Task item.
With the pictures omitted, transcribe each line below exactly as it is.

Dataset excerpt.
__________________________________________________

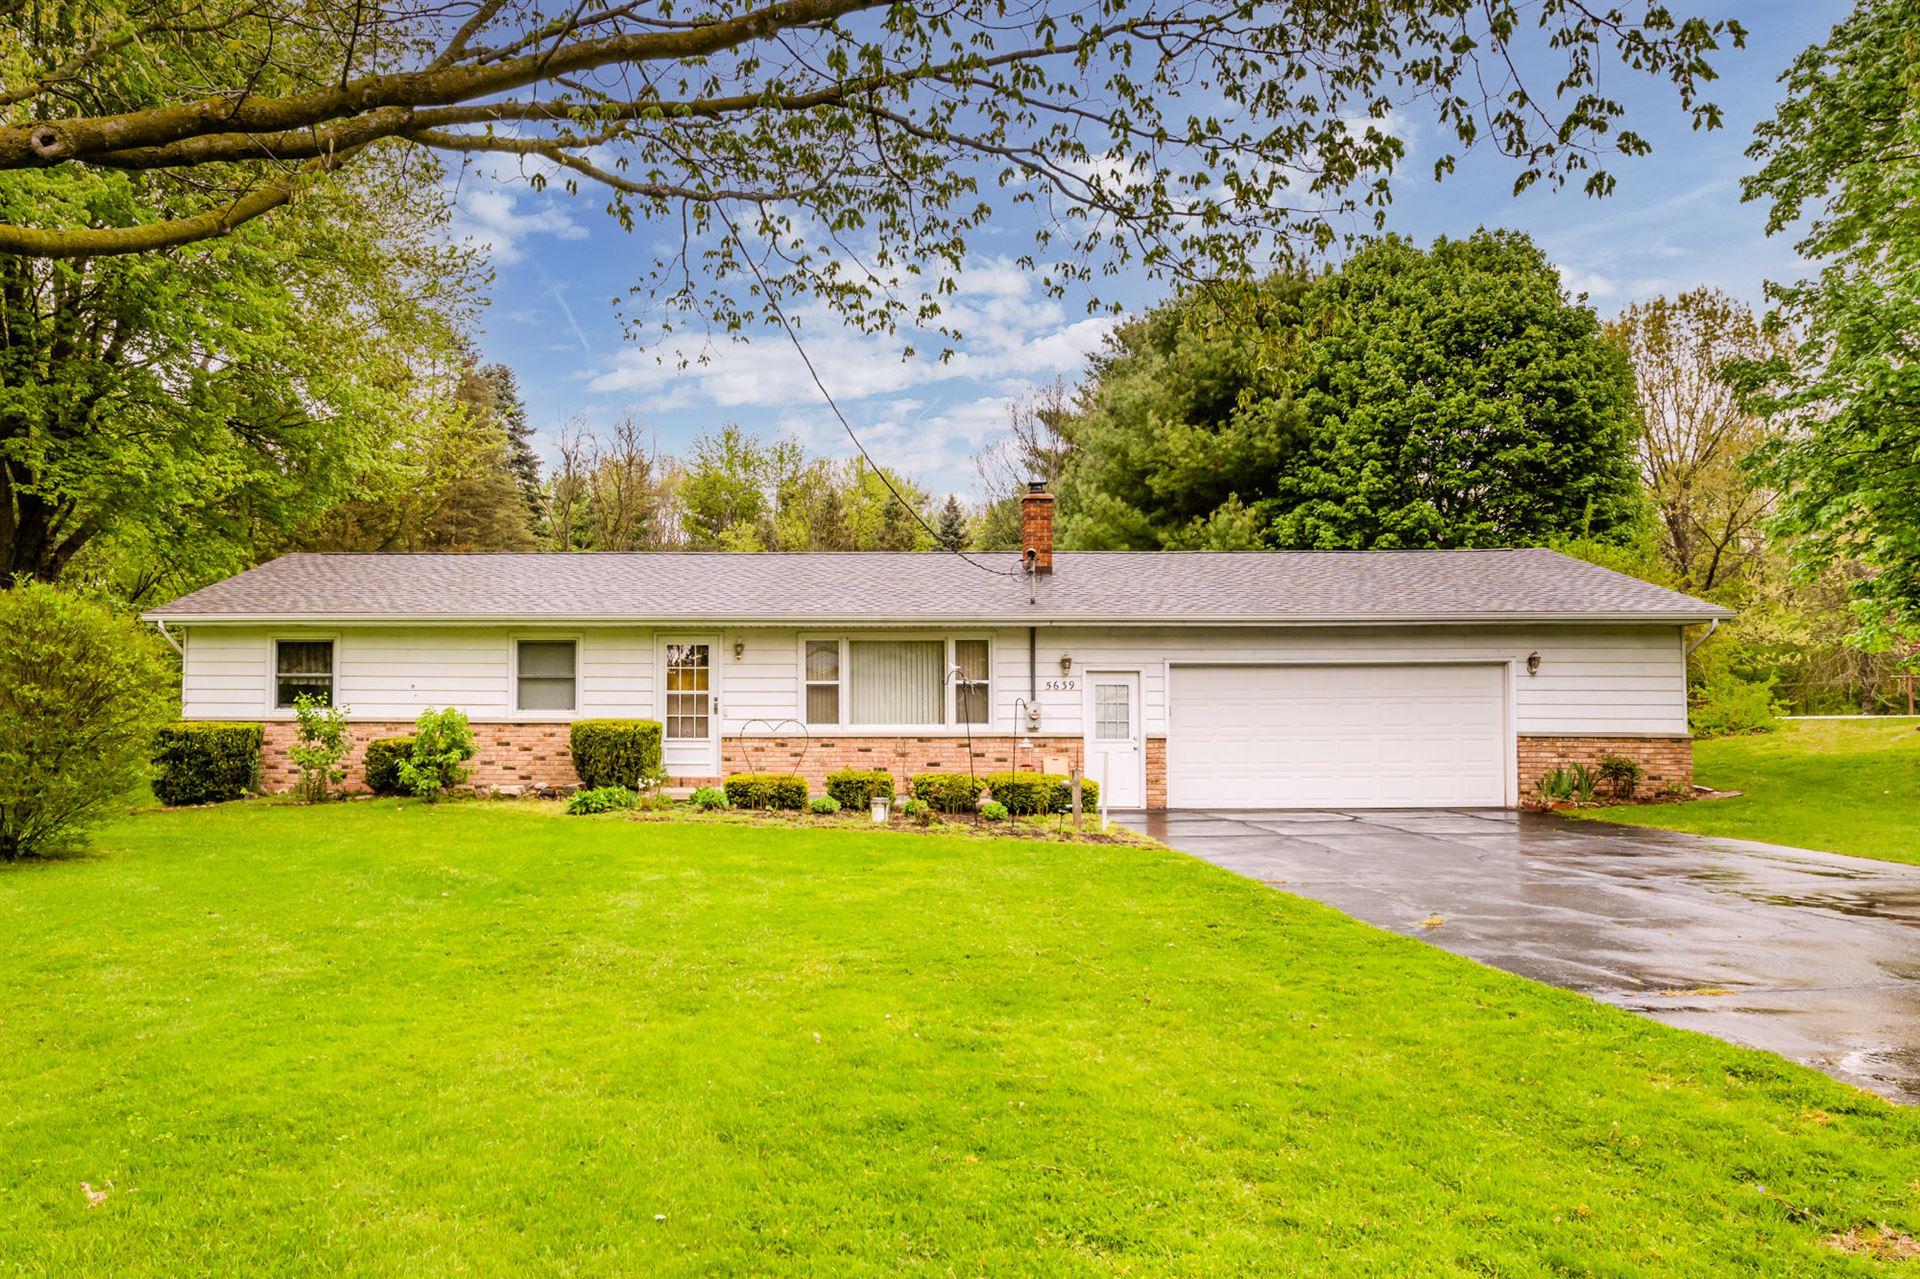 5639 Orchard Drive, Berrien Springs, MI 49103 - MLS#: 21015914
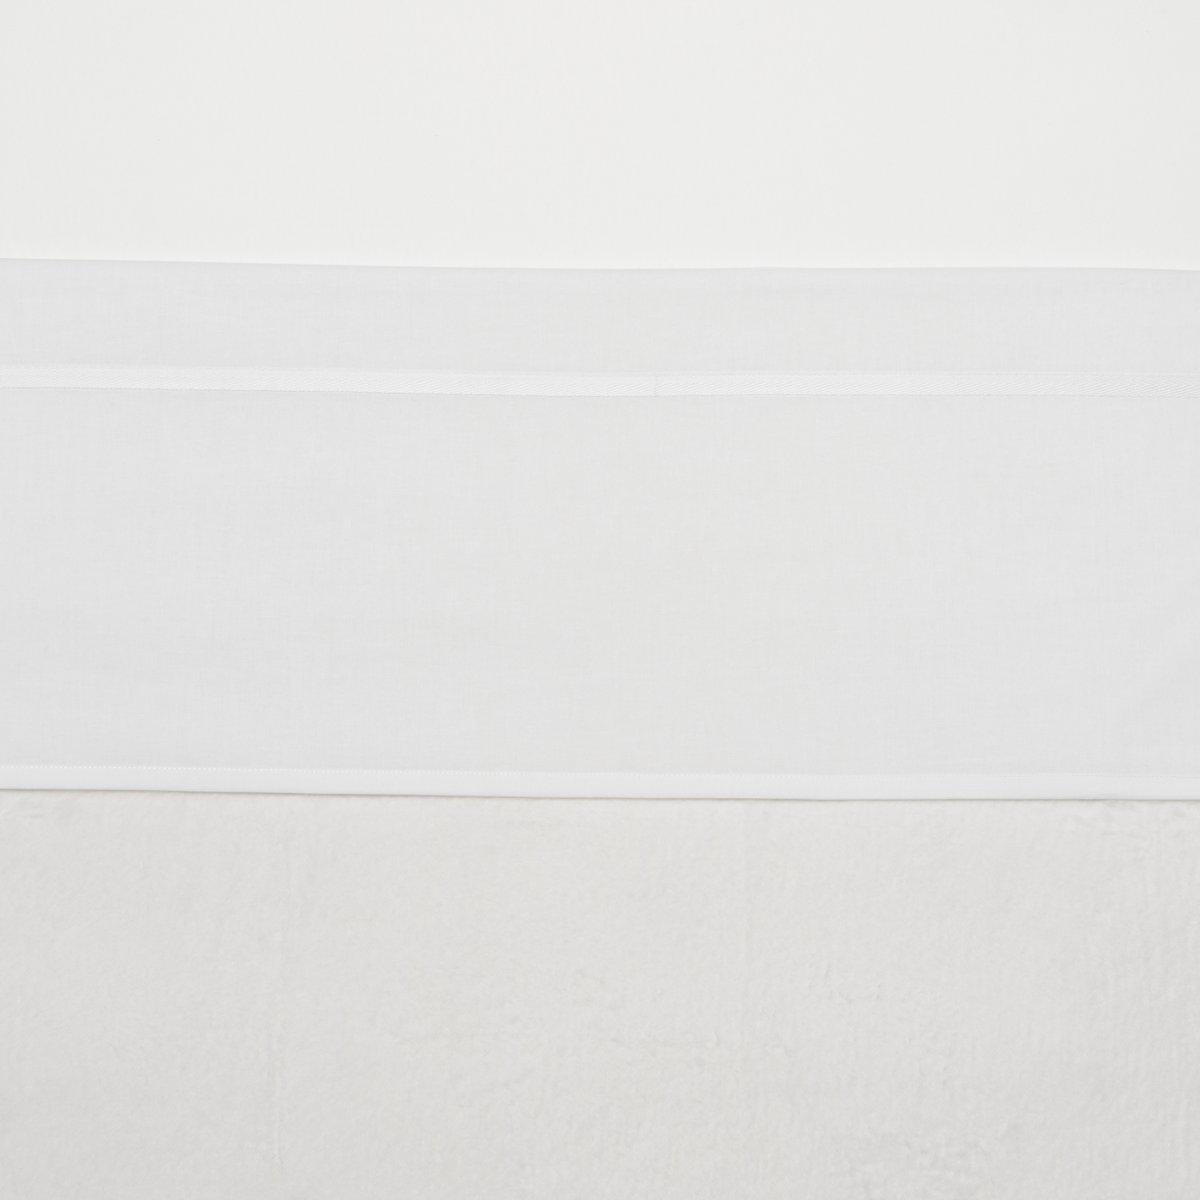 Meyco ledikantlaken wit met bies -  100 x 150 cm - Wit
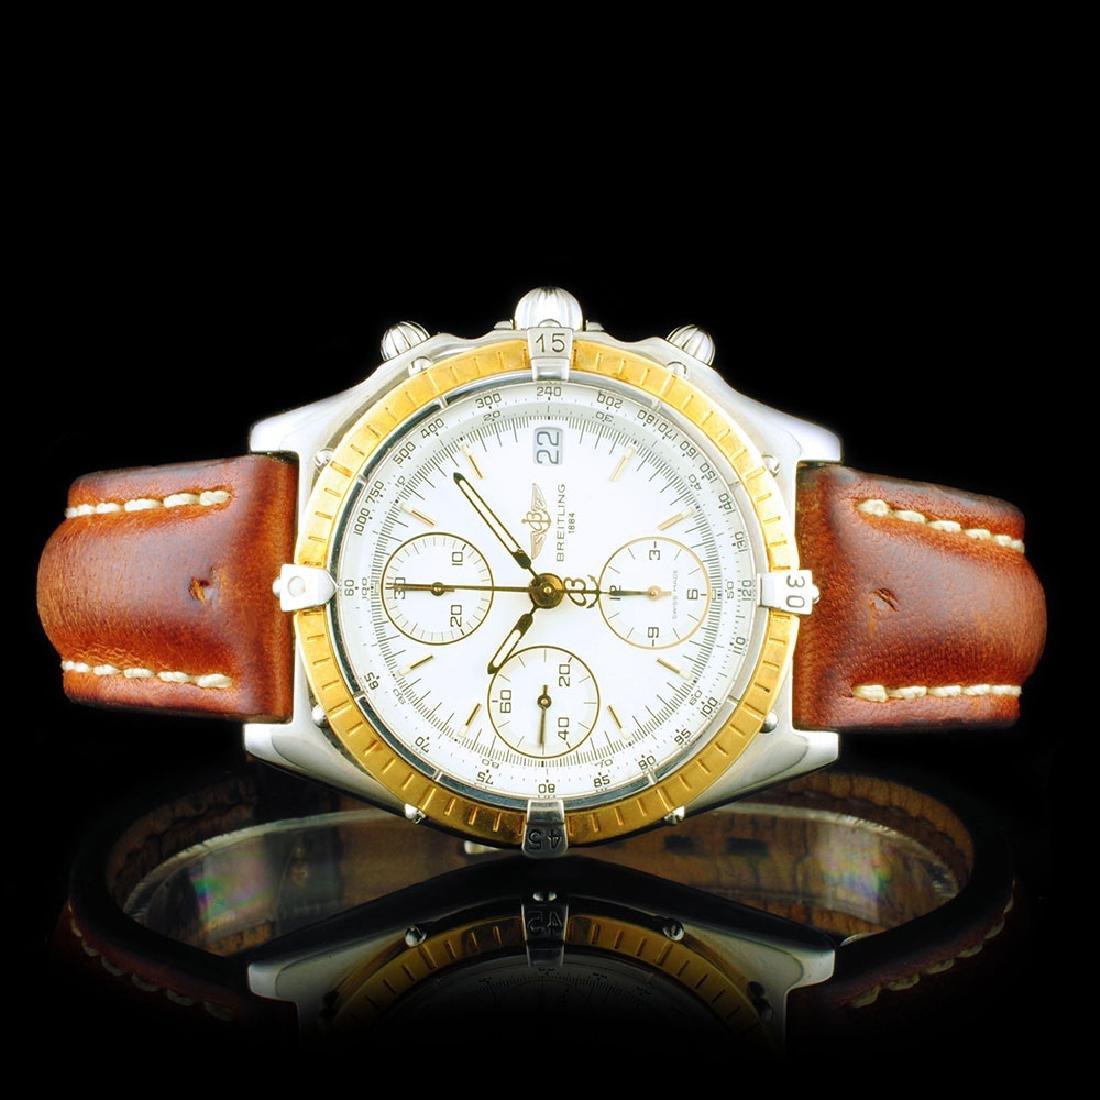 Breitling Chronomat Chrono Gold/SS 40mm Watch

__________________________________________________

Task result.
 5639 Orchard Drive, Berrien Springs, MI 49103 - MLS#: 21015914
 Meyco ledikantlaken wit met bies -  100 x 150 cm - Wit
 Breitling Chronomat Chrono Gold/SS 40mm Watch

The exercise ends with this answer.